MONTREAL (Sept. 24, 2019) – Dawson College students, teachers and staff will meet at the College, eat breakfast and attend environmental workshops before joining activist Greta Thunberg at the Sept. 27 Global Climate Strike march in Montreal, expected to be one of the biggest on the planet.
“We will be the fearless ones here at Dawson,” said Laura Krochenski of the Dawson Green Earth Club, a student club affiliated with the Dawson Student Union. “We are starting our own movement by taking to the streets because that’s how changes have been made throughout history. We are listening to the science. It’s an alarm, and too many people are pressing the snooze button. But not us. We are students who care about our school, our community, our city, our country, and our planet.

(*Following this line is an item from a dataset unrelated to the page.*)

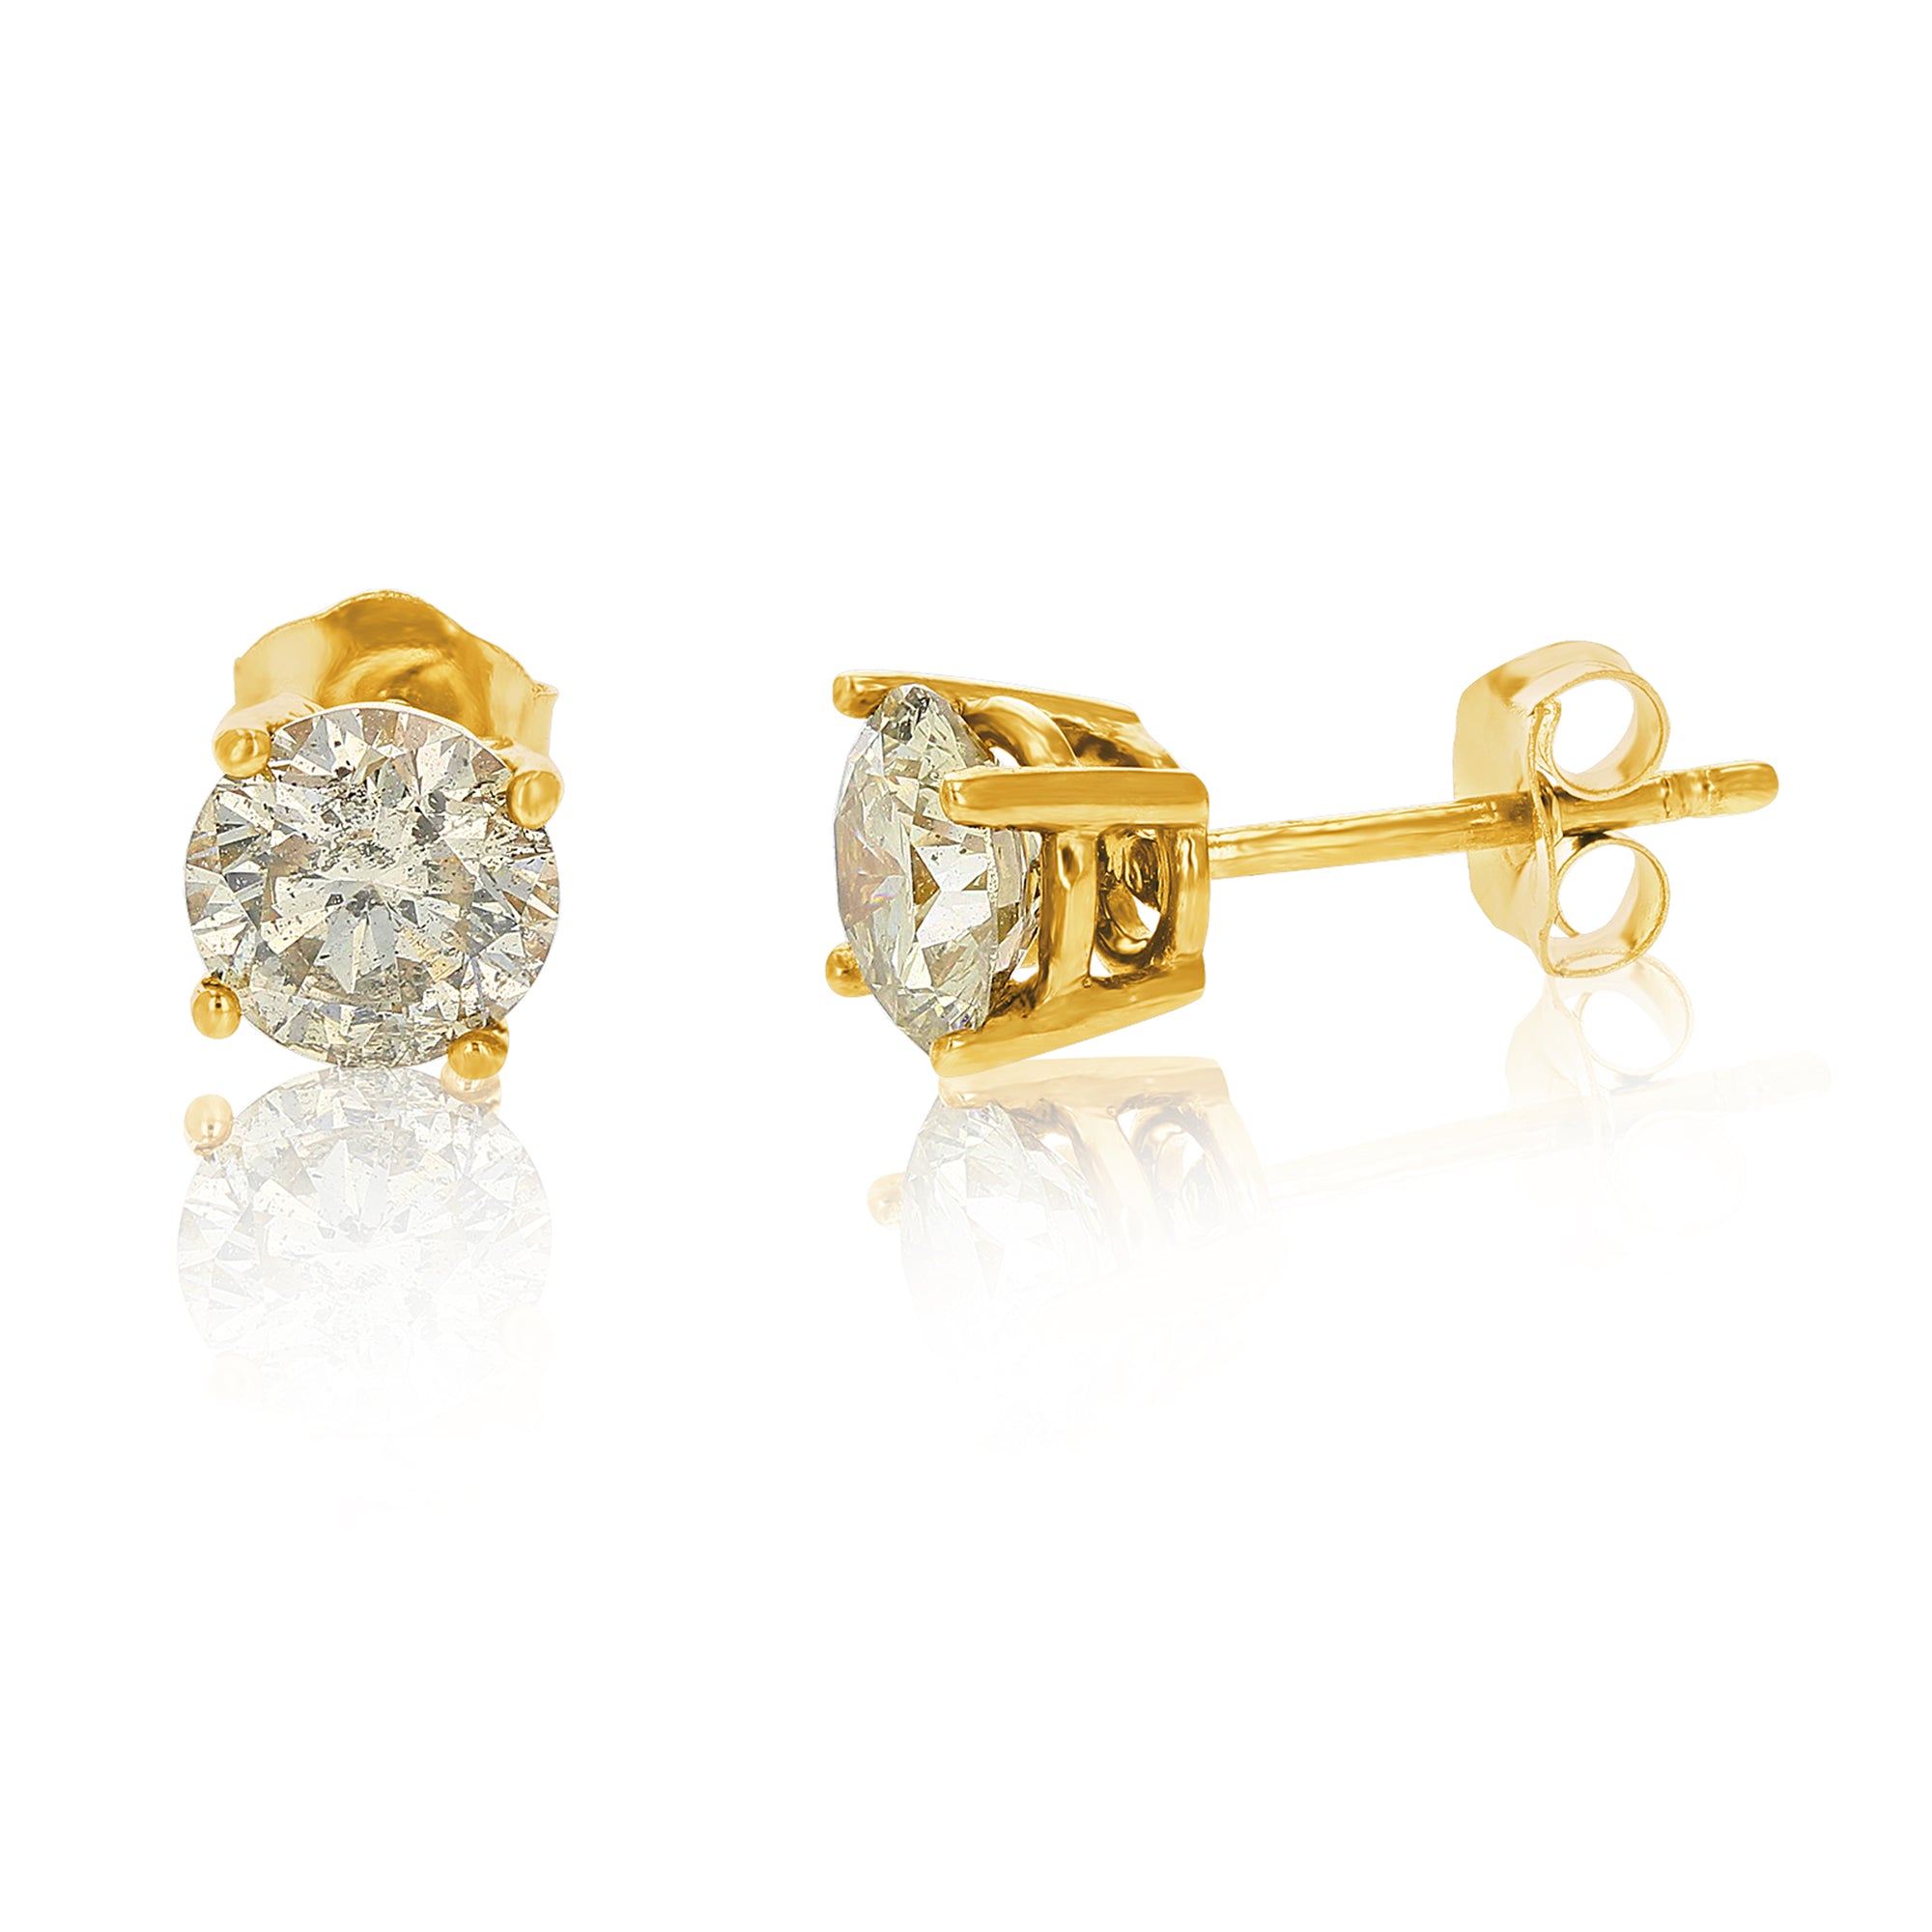 1 cttw Champagne Diamond Stud Earrings 14K Yellow Gold

We are rising for it all, and we want our voices to be heard.”
Krochenski delivered remarks at a press conference where students, faculty, staff and the administration of Dawson College showed their solidarity on climate change action. That same morning, there was a tobacco burning ceremony as a five-metre eastern white pine was planted near the Peace Garden as a symbol of peace and a gesture of reconciliation. The white pine has special significance for Indigenous peoples, and planting a tree is a way to counteract climate change.
Dawson College was one of the first academic institutions in Canada to cancel classes in support of the global movement. True to its core value of well-being for all, the Board of Governors of Dawson College made the decision at their June 5 meeting.
“This is the first time in our college’s 50-year history that we have changed the academic calendar to encourage our community to participate in a protest,” said Richard Filion, Director General of Dawson College. “It is time to act. The signs and impacts of global warming are speeding up. According to the World Meteorological Organization, the five-year period of 2014-2019, is the hottest on record.”
Speaking on behalf of the Dawson Teachers’ Union, the Dawson Support Staff Union and the Association of Dawson Professionals, Émilie Richer delivered a joint statement from the employees.
“If we hope to effect real change, we cannot act alone,” Richer said. “We have a small window of opportunity in which to mitigate the damage we are causing to our planet. Nothing short of the full backing of our elected officials – at every level – will be sufficient to address the immense challenges we face.”
Over the last year, the College has pledged to be Carbon Neutral Forever, has been recognized as a leader for academic institutions in Quebec by Cégep Vert, and has already met and exceeded Canada’s 2030 greenhouse gas reduction goal.
“We are actively sharing our model of how to be a Living Campus with other schools and communities across Canada and internationally,” said Filion. “Sustainability at Dawson means everything from managing our waste to living and learning the value of well-being for all in our classrooms and on our Living Campus.”
On Friday, students will leave Dawson around 10:30 a.m. to join Concordia and McGill students and walk together to the departure point of the march at the Sir George-Étienne Cartier Monument in Mount Royal Park. Staff will leave for the march after the morning program ends around 11 a.m.
Dawson College is a top-choice cegep that offers classes in English at its downtown campus located on a heritage site. Over 8,000 day students are enrolled in five pre-university and 21 technical programs. Students are mostly aged 16 to 20.
Dawson College showed its solidarity for climate change action on Sept. 24. Pictured from left to right, front row: Director General Richard Filion, Émilie Richer (DTU), Ella Noël (Green Earth Club), Louisa Hadley (DTU), Aya Chkirate (DSU), Azra Khan (ADP), Deputy Mayor of Montreal Sterling Downey, Kanien’kehá:ka Storyteller and Sub-Chief Aronhiaies Herne. Back row: John Cuffaro (DSSU), Meghan O’Grady (DSSU), John Nathaniel Gertler (Green Earth Club), Laura Krochenski (Green Earth Club), Claire Elliott (ADP).